DATA SECTION

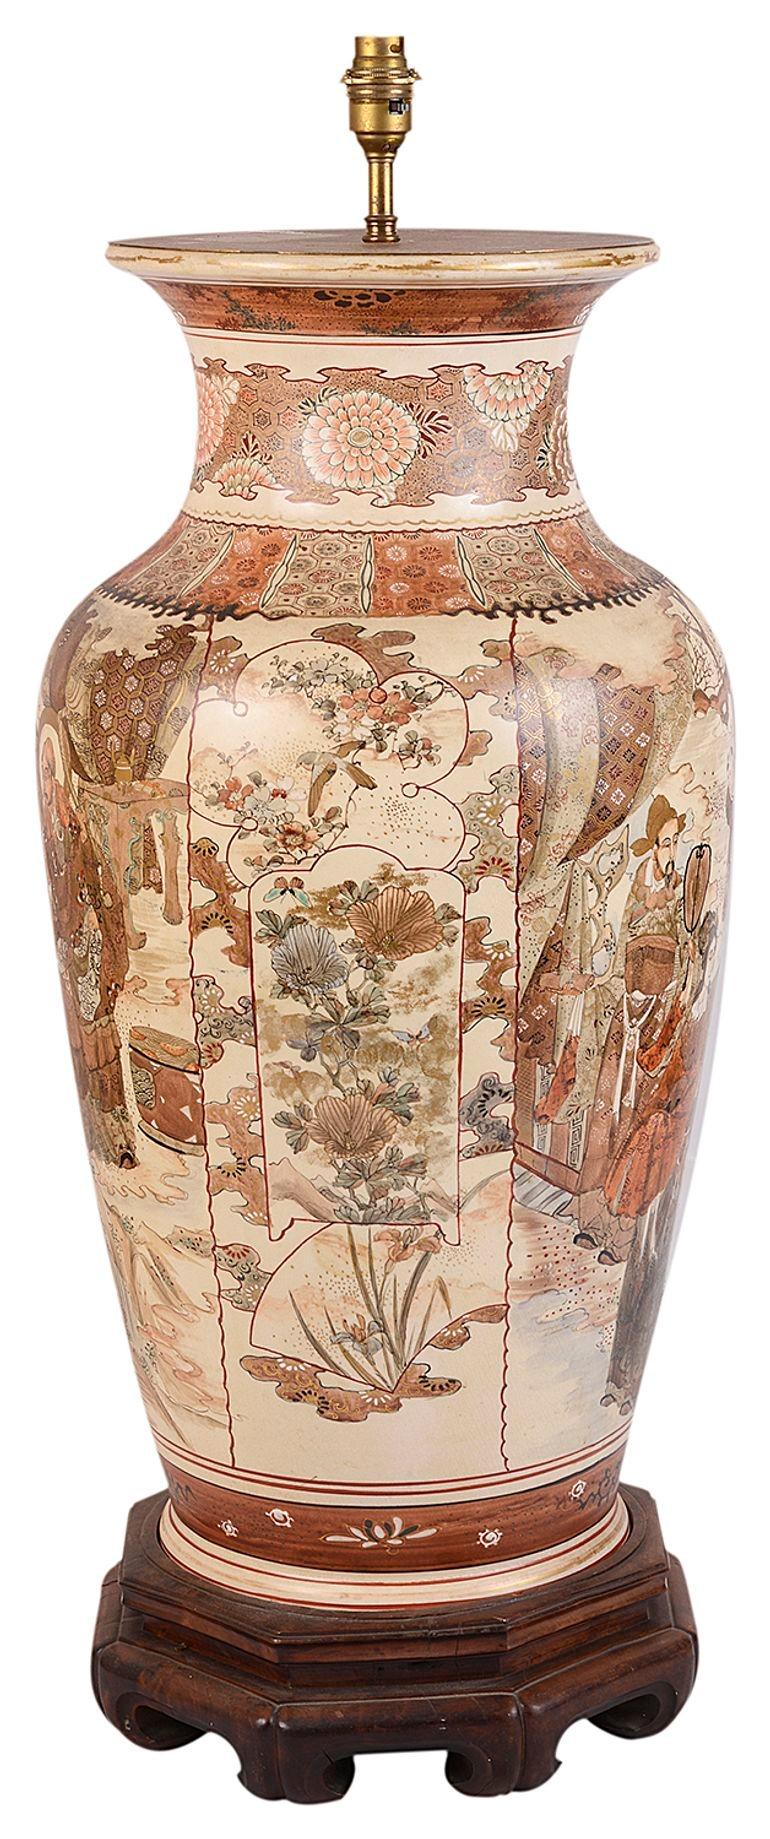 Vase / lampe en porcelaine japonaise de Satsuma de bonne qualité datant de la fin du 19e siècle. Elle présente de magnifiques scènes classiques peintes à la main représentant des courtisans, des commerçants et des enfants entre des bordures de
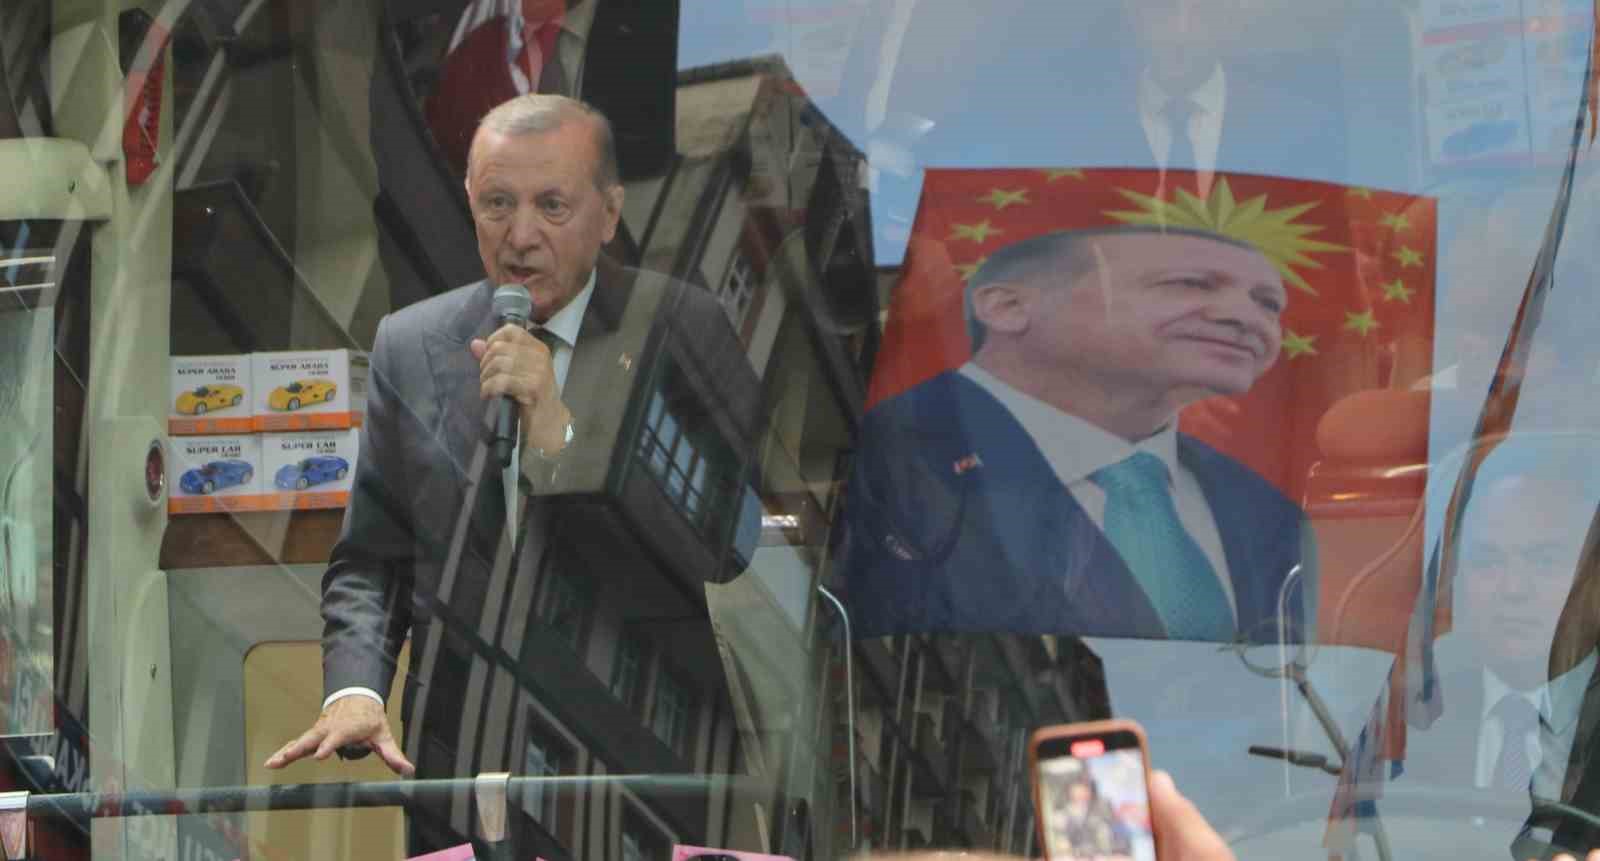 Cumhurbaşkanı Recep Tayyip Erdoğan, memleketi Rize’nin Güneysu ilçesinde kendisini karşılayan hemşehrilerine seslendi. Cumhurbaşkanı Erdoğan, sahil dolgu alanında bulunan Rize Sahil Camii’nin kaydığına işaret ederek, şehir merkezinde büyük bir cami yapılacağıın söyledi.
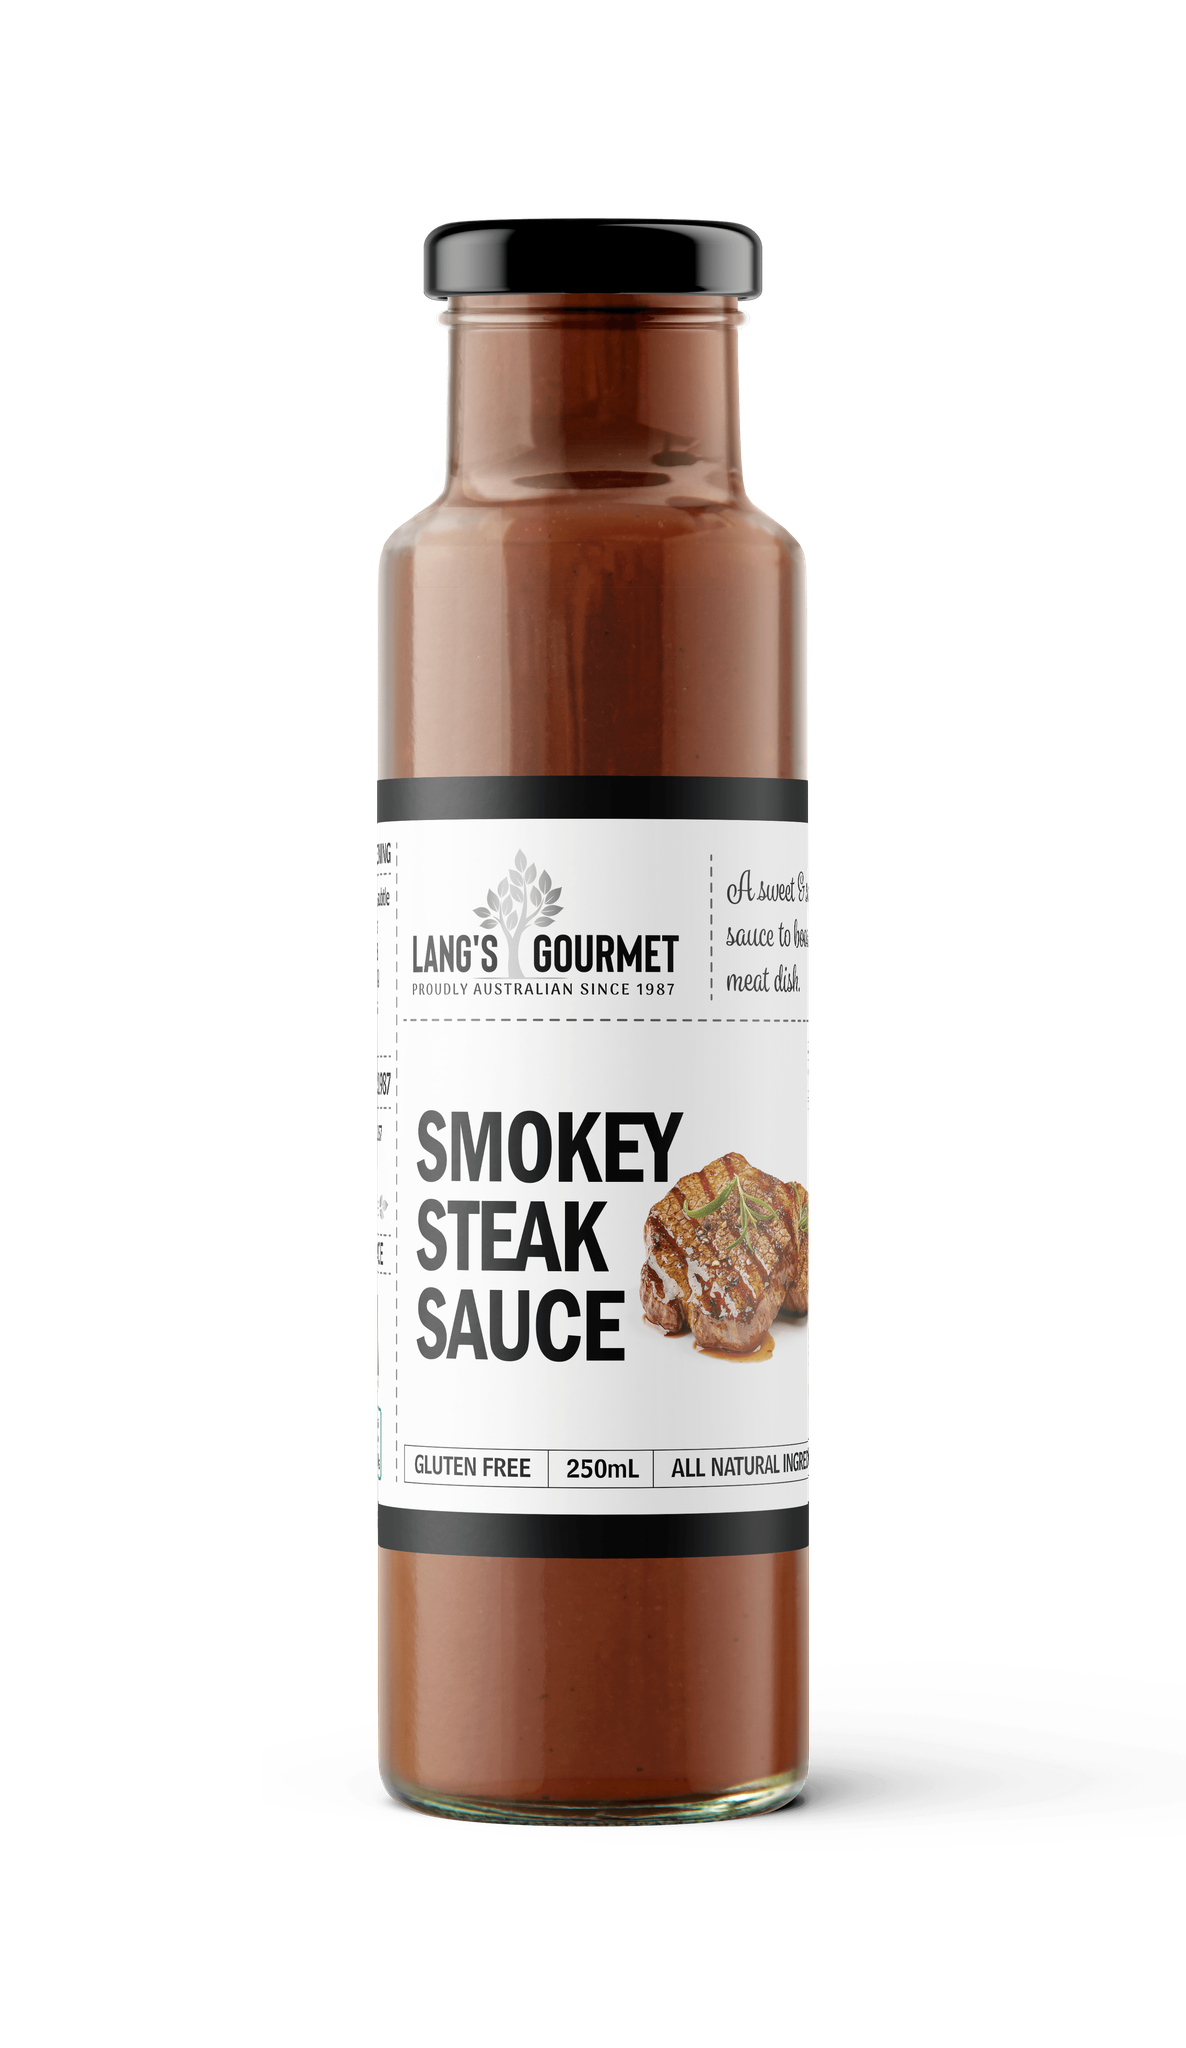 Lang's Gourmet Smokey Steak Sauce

BRIEF
Once the pictures are dropped, please print every remaining line of the material verbatim.

RESPONSE TO THE EXERCISE
 Vase / lampe en porcelaine japonaise de Satsuma de bonne qualité datant de la fin du 19e siècle. Elle présente de magnifiques scènes classiques peintes à la main représentant des courtisans, des commerçants et des enfants entre des bordures de
 Cumhurbaşkanı Recep Tayyip Erdoğan, memleketi Rize’nin Güneysu ilçesinde kendisini karşılayan hemşehrilerine seslendi. Cumhurbaşkanı Erdoğan, sahil dolgu alanında bulunan Rize Sahil Camii’nin kaydığına işaret ederek, şehir merkezinde büyük bir cami yapılacağıın söyledi.
 Lang's Gourmet Smokey Steak Sauce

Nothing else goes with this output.